Your output should match the listing below word for word, without any images.

Source material:
*** Begin section ***
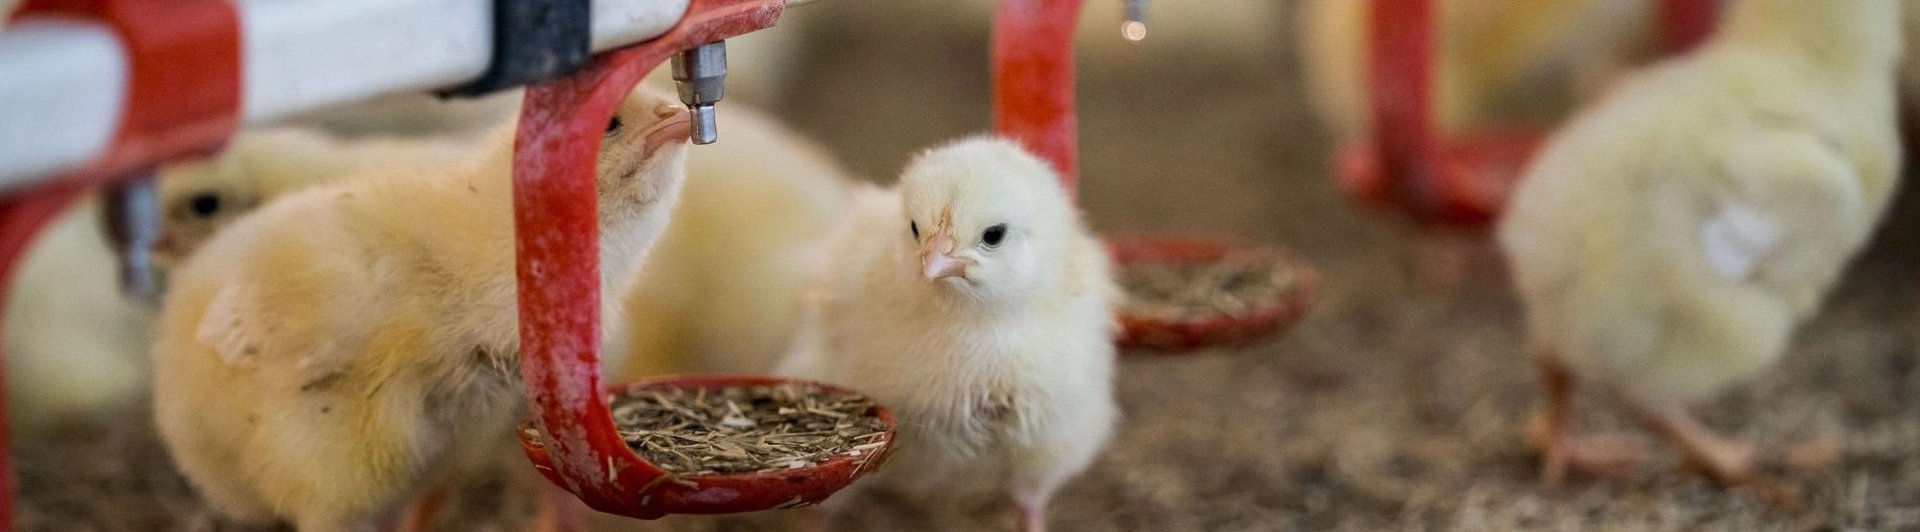 Kycklingar i köttindustrin
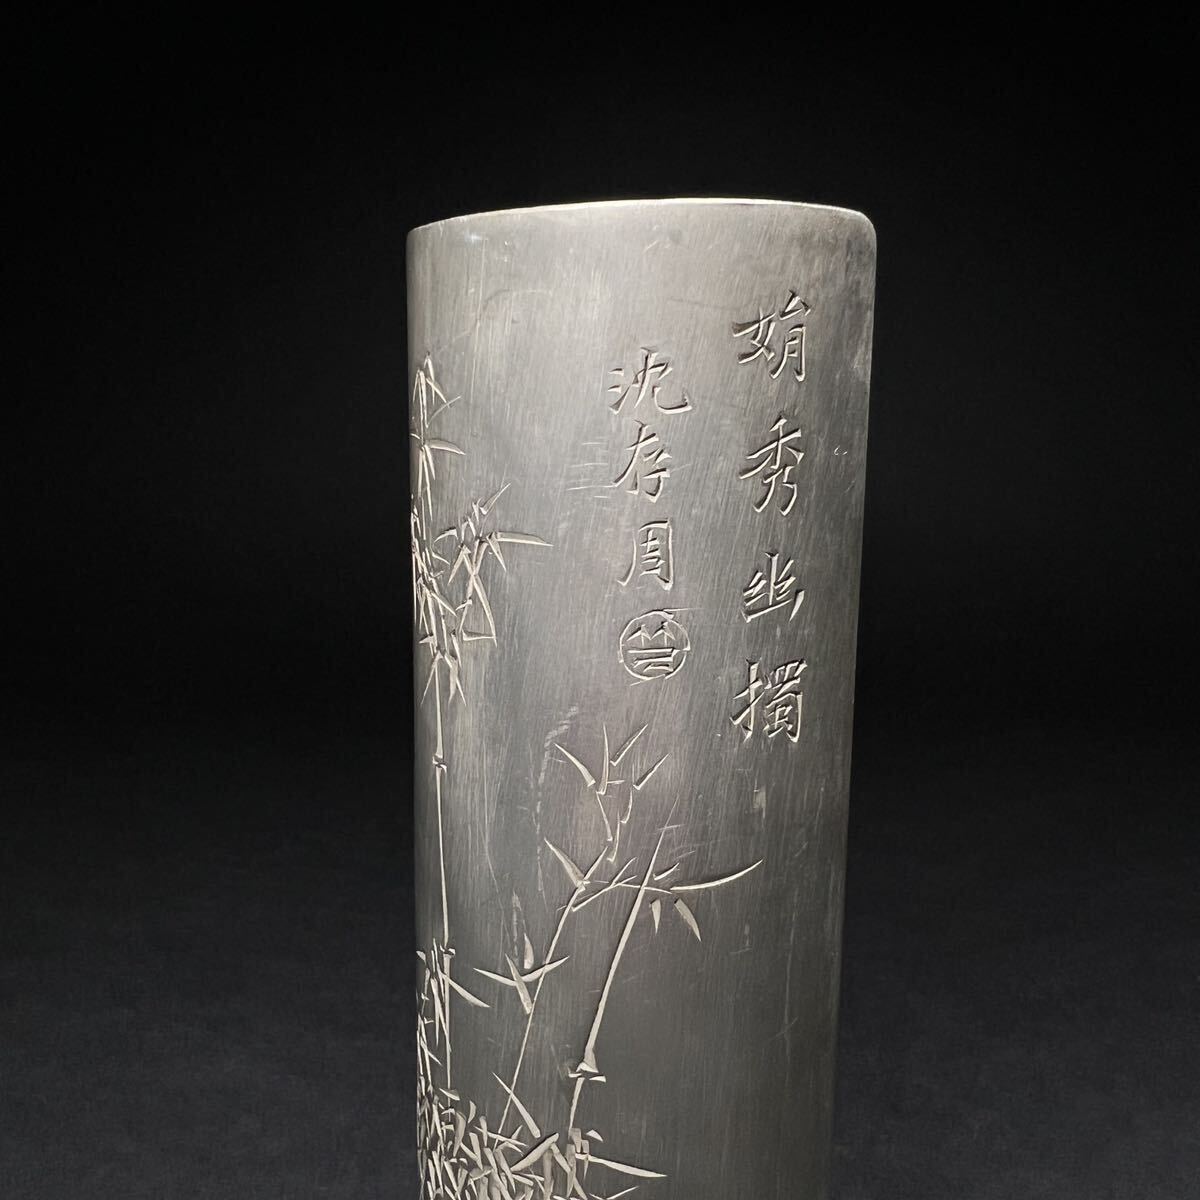  чай количество старый . Tang предмет ... Zaimei умение гравюра бамбук . поэзия China старый изобразительное искусство . чайная посуда чай . чай . чайная посуда вес 147g
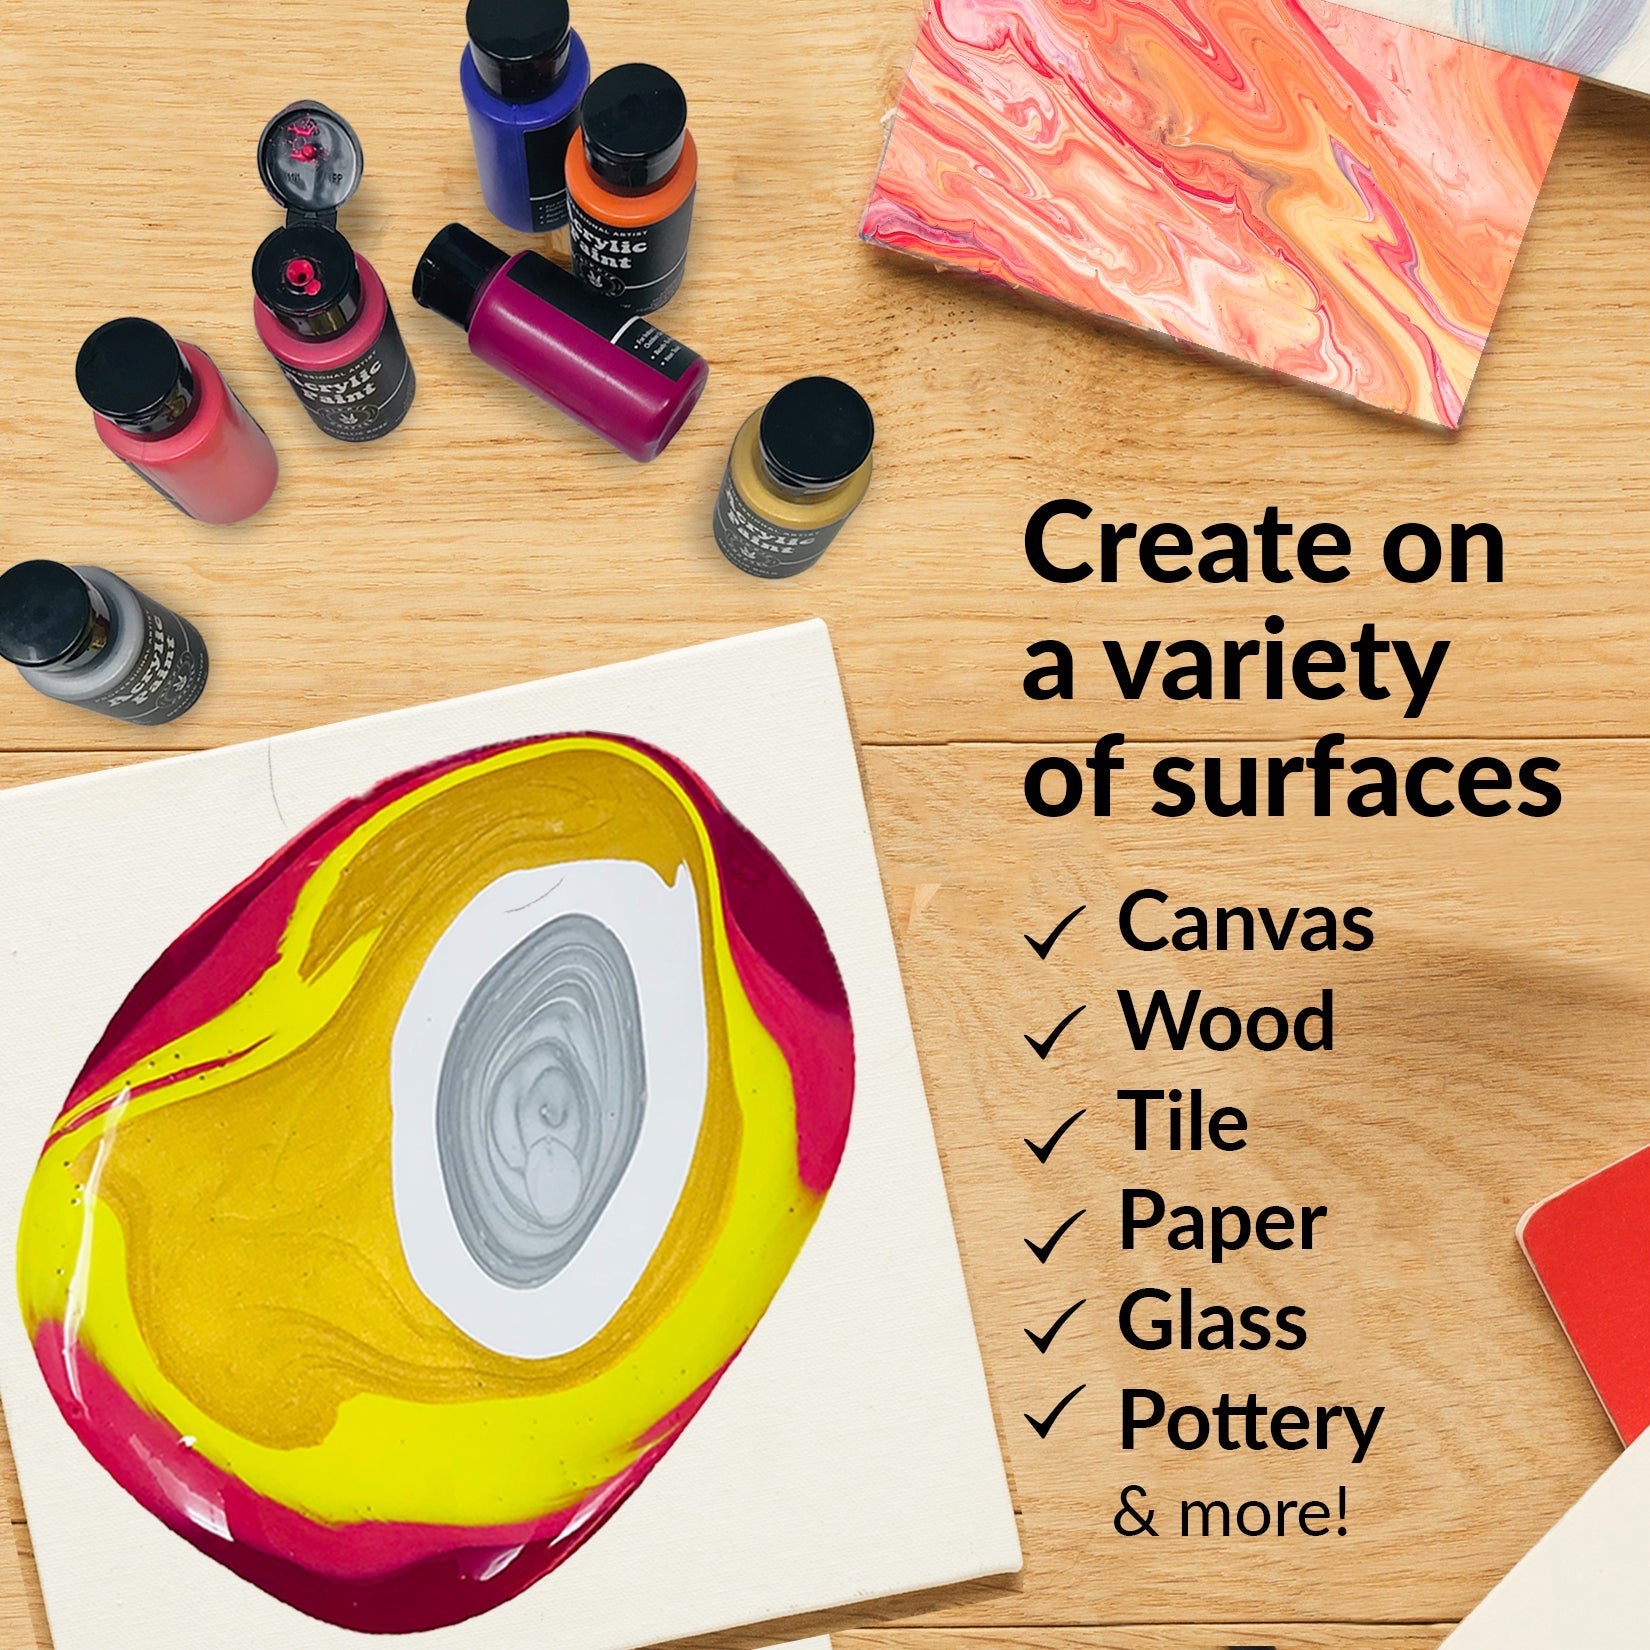 Fluid Pour Painting Kit Acrylic Pour Fluid Painting Art Kit Craft Box DIY  Fluid Painting Kit Pastel Painting Kit 
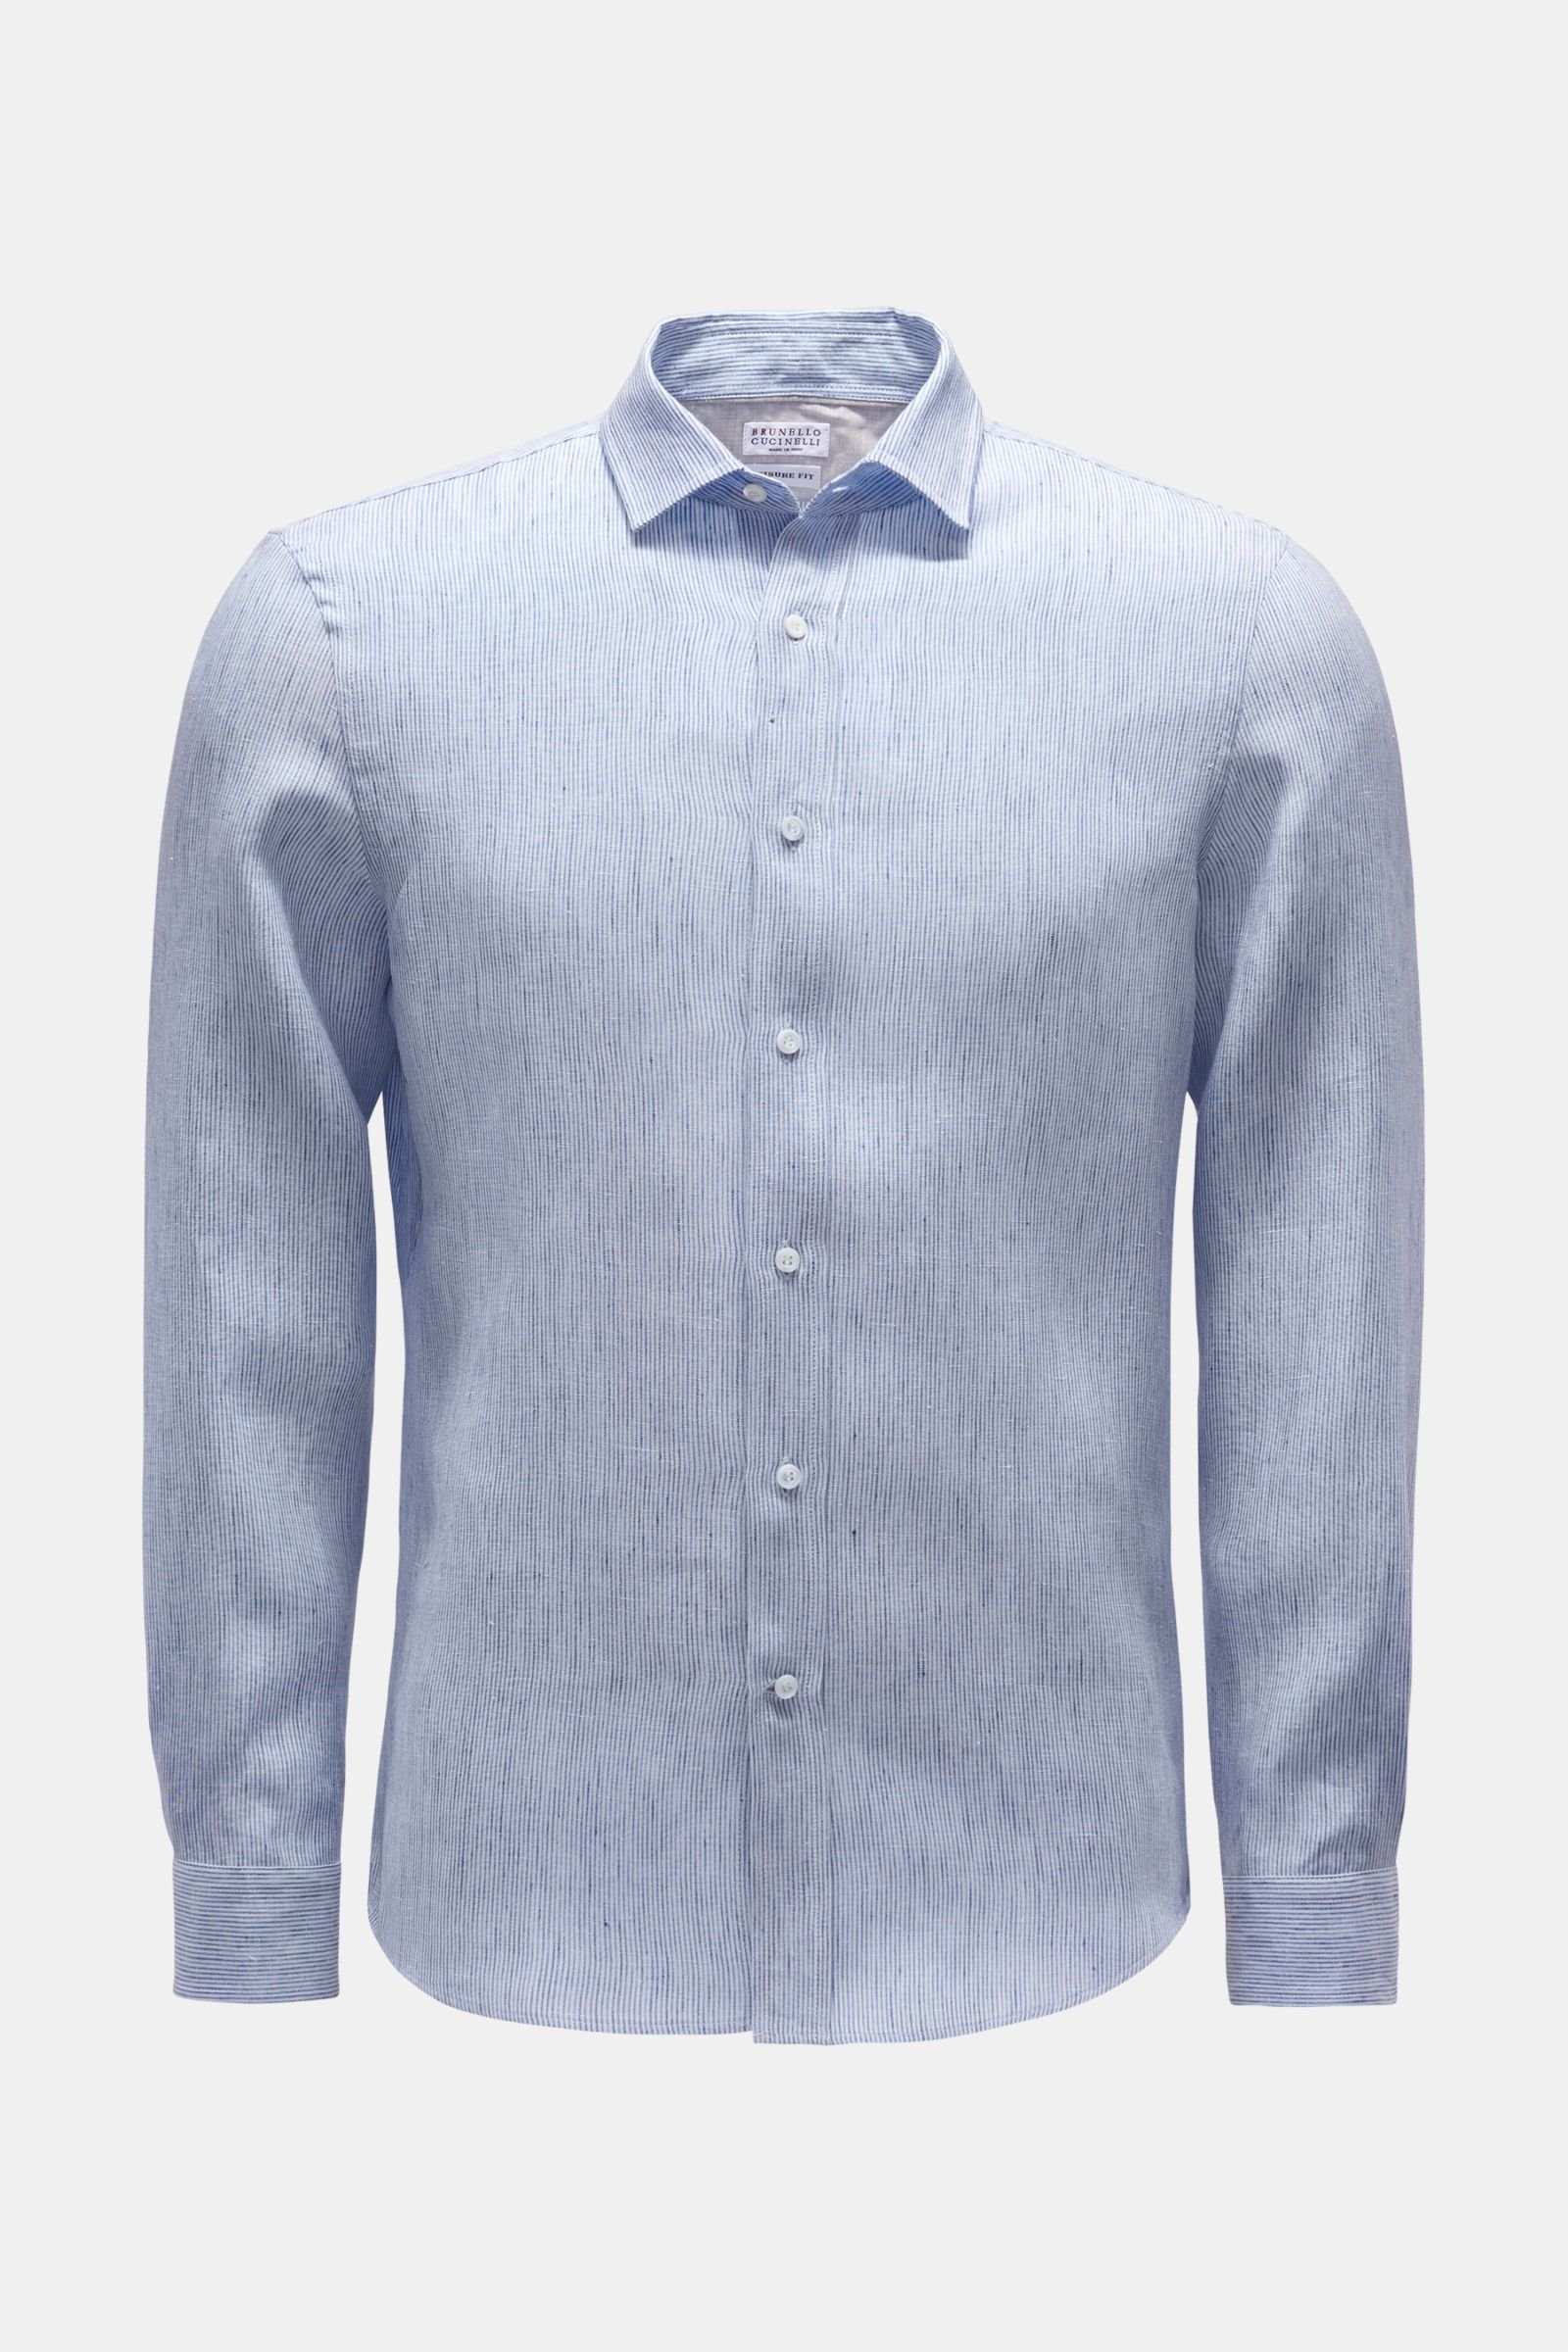 Linen shirt 'Leisure Fit' narrow collar dark blue/light blue striped
*** End section ***
Solution for this exercise:
 Kycklingar i köttindustrin
  чай количество старый . Tang предмет ... Zaimei умение гравюра бамбук . поэзия China старый изобразительное искусство . чайная посуда чай . чай . чайная посуда вес 147g
 Fluid Pour Painting Kit Acrylic Pour Fluid Painting Art Kit Craft Box DIY  Fluid Painting Kit Pastel Painting Kit 
 Linen shirt 'Leisure Fit' narrow collar dark blue/light blue striped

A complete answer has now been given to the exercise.